Regardless of how you’re learning, note-taking is a worthwhile endeavour that can help you retain what you’ve learned. There’s some evidence writing your notes longhand is better than typing them. However, you’ll benefit from note-taking even on a computer, so long as you:


  • Don’t transcribe verbatim or copy-paste things. A big part of what makes note-taking effective is you’re writing out what you’ve learned in your own words. If you copy-paste, you lose this cognitive benefit.
  • Review your notes regularly over time to keep them fresh in your mind.
  • Test yourself against them. For example, cover up the ‘for loops’ section of your notes and see if you can remember the syntax. Then check your notes to be sure you remembered correctly.


Leave your phone elsewhere

It doesn’t matter how disciplined you are, studies have demonstrated a ‘phone proximity effect’ can impact your cognitive performance when your phone’s nearby, even when it’s out of sight and switched off.

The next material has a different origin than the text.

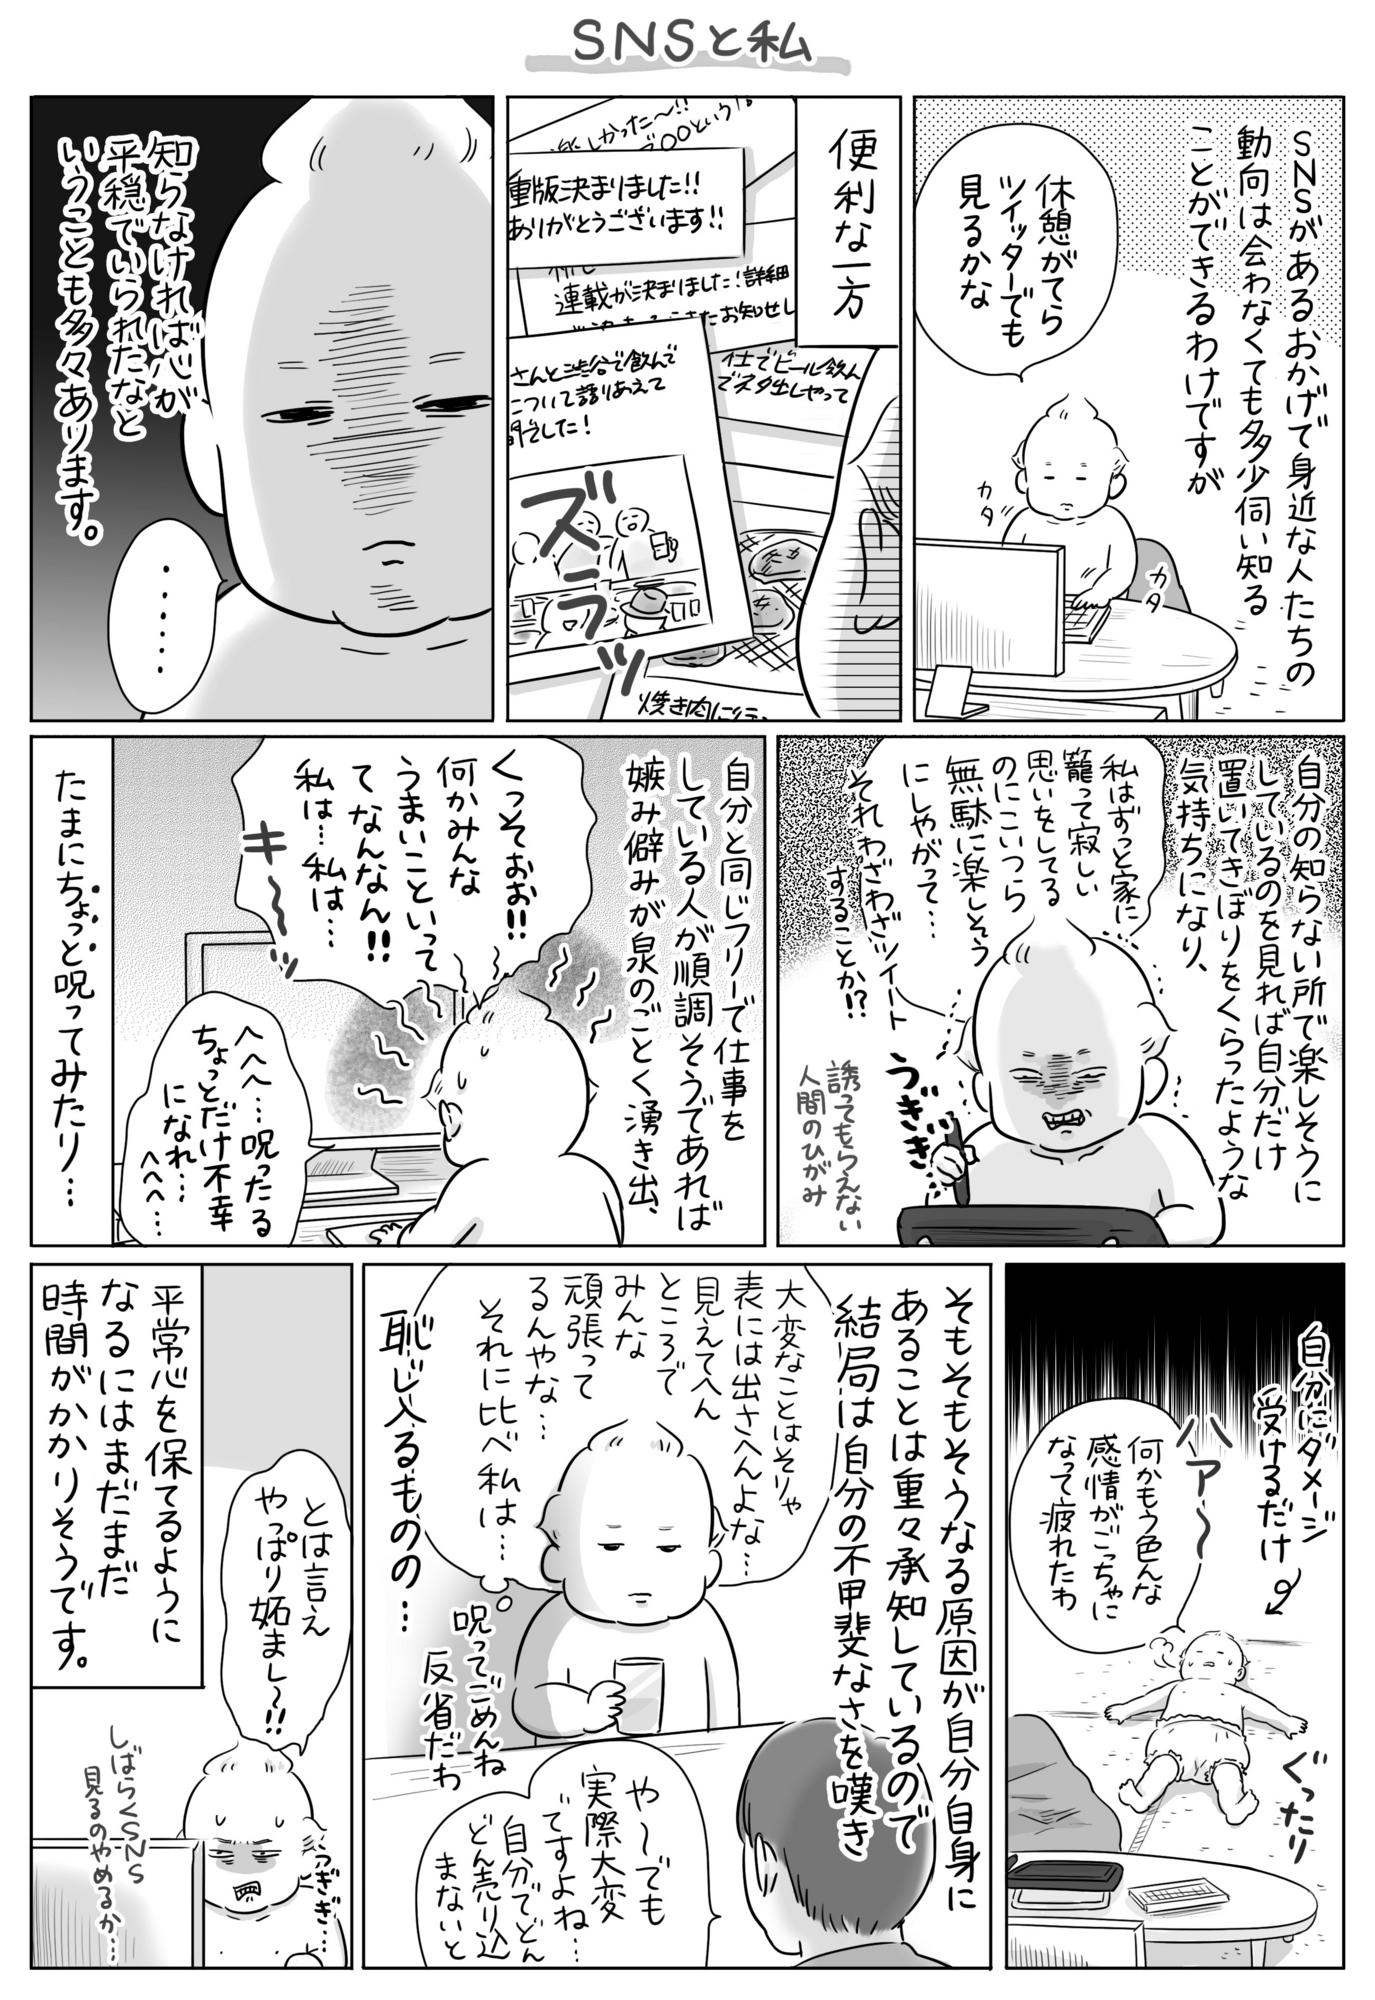 f:id:kakijiro:20160208145519j:plain

The lesson here? When you’re going into a study session, leave your phone far away when practical. Students who left their phones in a different room scored better on memory capacity and fluid intelligence tests, compared to students who left their phones on their desks, in their pockets, or in handbags as they worked.


Beat procrastination

Some people procrastinate more than others, but even serial procrastinators can improve their study habits by making a few key tweaks:

  • Breaking down big tasks into smaller ones
  • Giving yourself rewards for completing tasks
  • Setting clear deadlines, or having them set for you
  • Doing your best to keep things light and fun
  • Forgive yourself for mistakes


While we all have unique learning styles and preferences, these are some of the key techniques for learning data science and studying more effectively. Have any of these worked for you throughout your data science journey? Perhaps you found other techniques beneficial. Share your learning approach to help inspire others!